Pimitespib Jeselhy、匹米替比

Indications: Gastrointestinal stromal tumors (GISTs) that progress after chemotherapy.

Target: CSF-1R
Main ingredient: Pimitespib
Dosage form: Tablets
Specifications: 40 mg x 40 tablets
Intended population: Patients with GISTs that progress after chemotherapy.

Appearance: White film-coated tablets, debossed with the number “40” on the front and “P115” on the back.

Dosage and Administration: The adult dose is 160 mg of Pimitespib taken orally once daily for 5 consecutive days, fasting. The dose should be discontinued for 2 days, and then repeated after 2 days. The Pimitespib dose may be reduced based on the patient’s clinical response.

Adverse Reactions: The most commonly reported adverse reactions with Pimitespib include diarrhea, ocular symptoms, bleeding, taste changes, loss of appetite, nausea, and vomiting.

Precautions: Cmax and AUC are increased when this medication is taken after a meal.

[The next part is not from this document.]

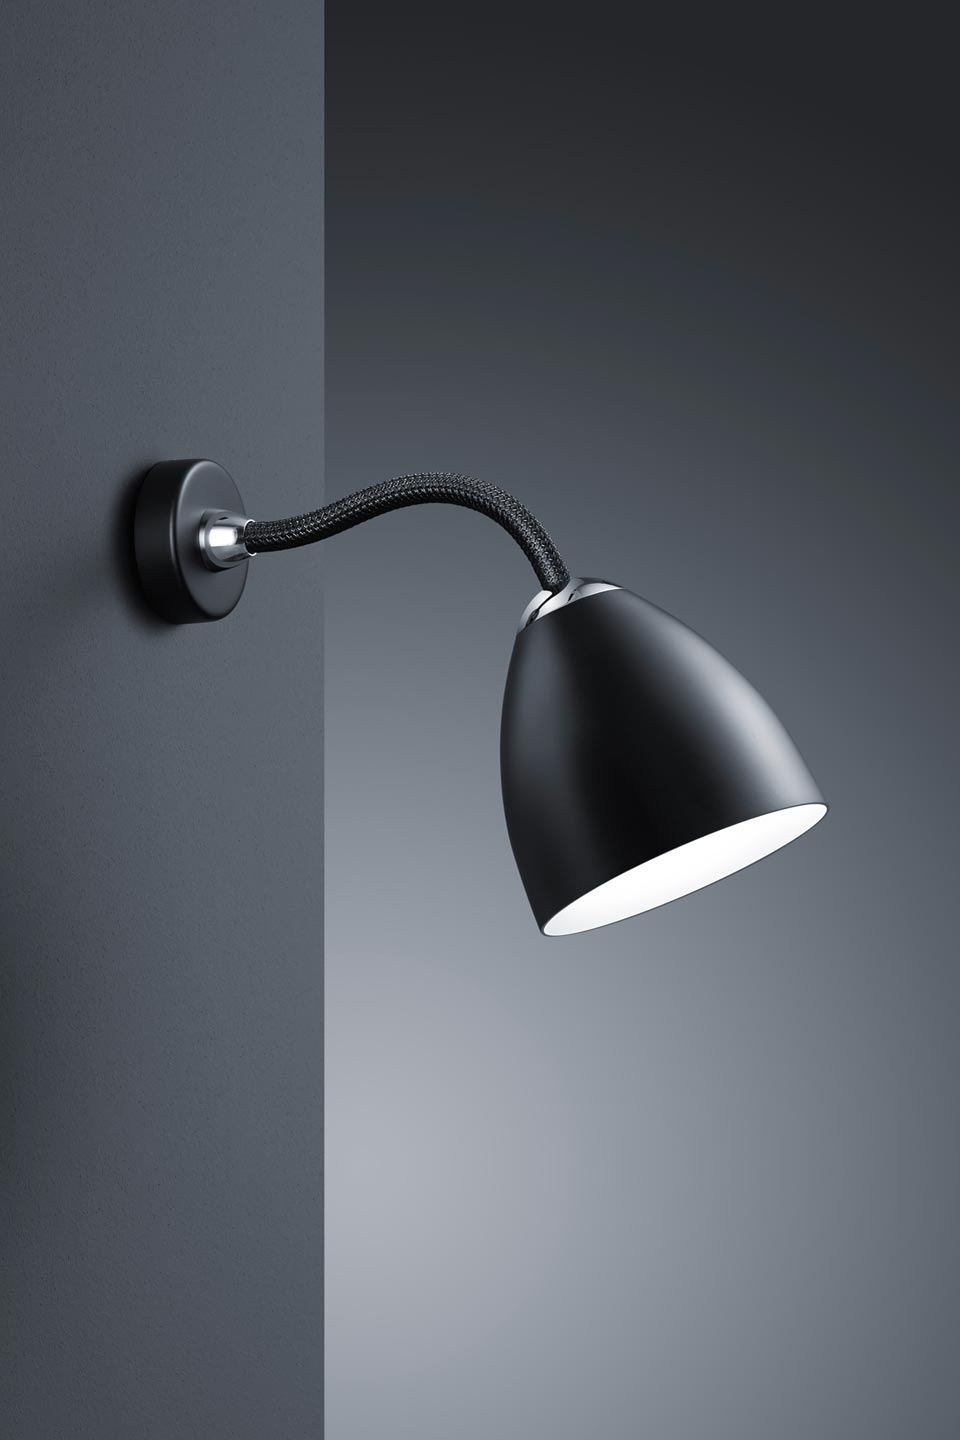 Athene Grande puissante lampe de bureau LED flexible noir: Less n More,  luminaire design fabriqué en Allemagne - Réf. 12060310

To avoid food effects, patients should avoid taking this medication between one hour before and two hours after meals… [Details]

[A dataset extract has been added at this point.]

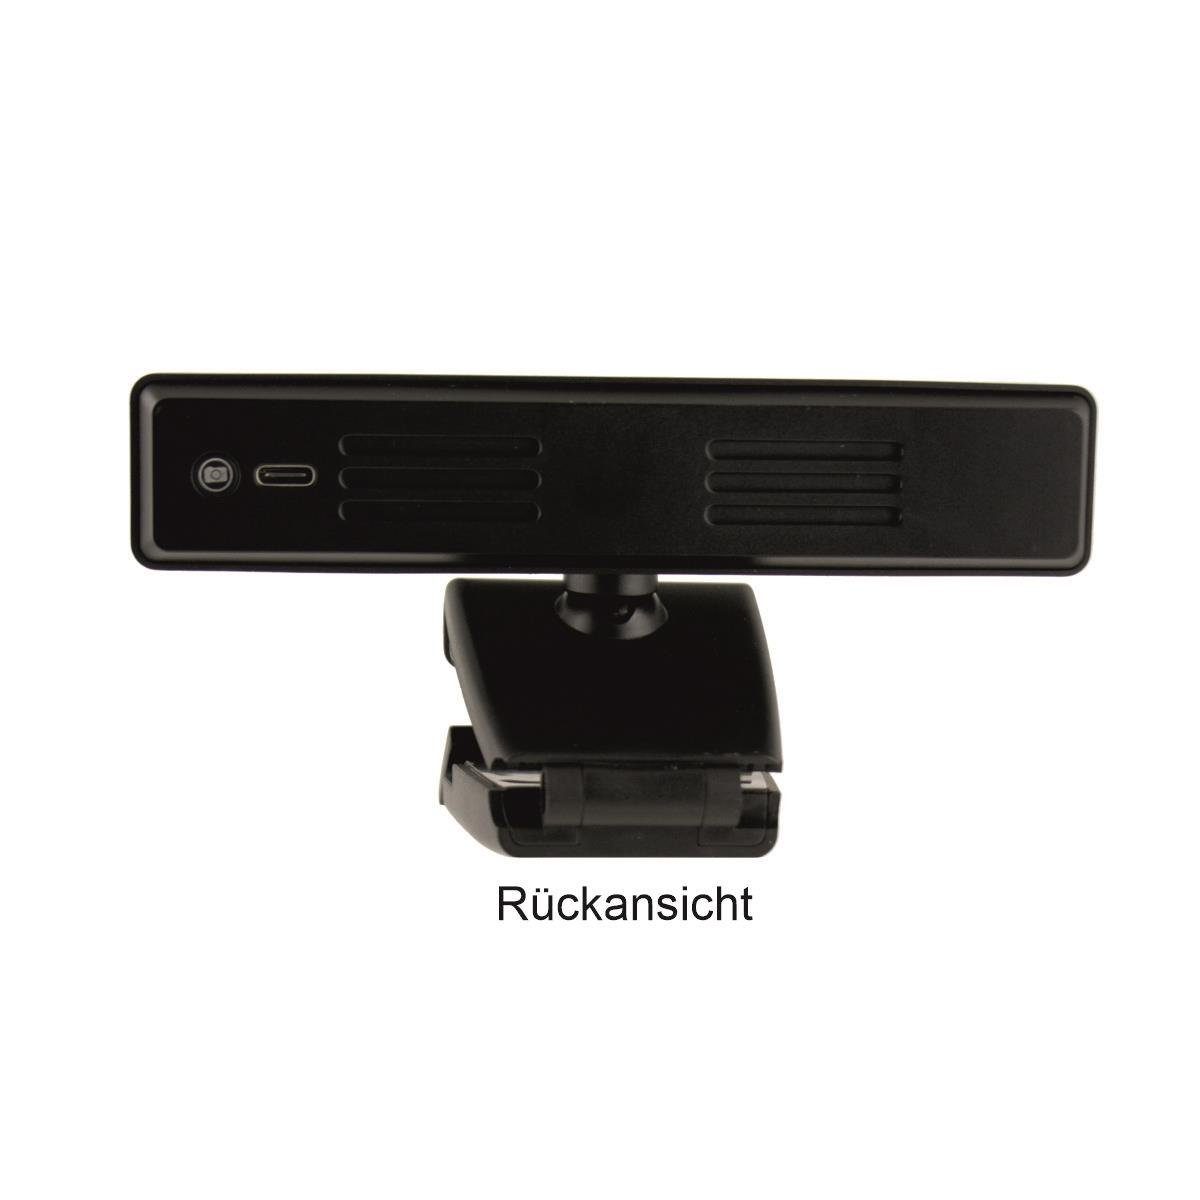 Full Webcam NW) Blizzard Office Blizzard HD-Webcam kein A-380Pro UHD (4K,

Use in Special Populations
[Pregnant Women] Pimetib is not recommended for use in pregnant women or women who may become pregnant.

[Lactating Women] Components in Pimetib may be transferred into breast milk and may cause serious side effects in the infant after breastfeeding. Breastfeeding should be avoided while taking this medication.

[Women and Men of Reproductive Potential] Women of reproductive potential may experience decreased reproductive function. Men should use contraception during and for four months after taking this medication.

[Pediatric Use] Pimetib may affect bone growth; avoid using this medication in children.

[Renal Impairment] Clinical studies have not been conducted in patients with renal impairment. No dose adjustment is required for patients with renal impairment.

[Hepatic Impairment] Pimetib is primarily metabolized in the liver, so blood concentrations may be elevated. No dose adjustment is required for patients with mild hepatic impairment. Because there is no safety information for pimetribuzinib in patients with moderate or severe hepatic impairment, caution is advised when using pimetribuzinib in patients with moderate or severe hepatic impairment.

Contraindications
Not yet established.

Drug Interactions
In simulations based on physiologically based pharmacokinetic models, the exposure of midazolam and metformin (a substrate of MATE1 and MATE2-K) may be increased with coadministration of pimetribuzinib compared to administration of midazolam (a CYP3A substrate) and metformin (a substrate of MATE1 and MATE2-K) alone.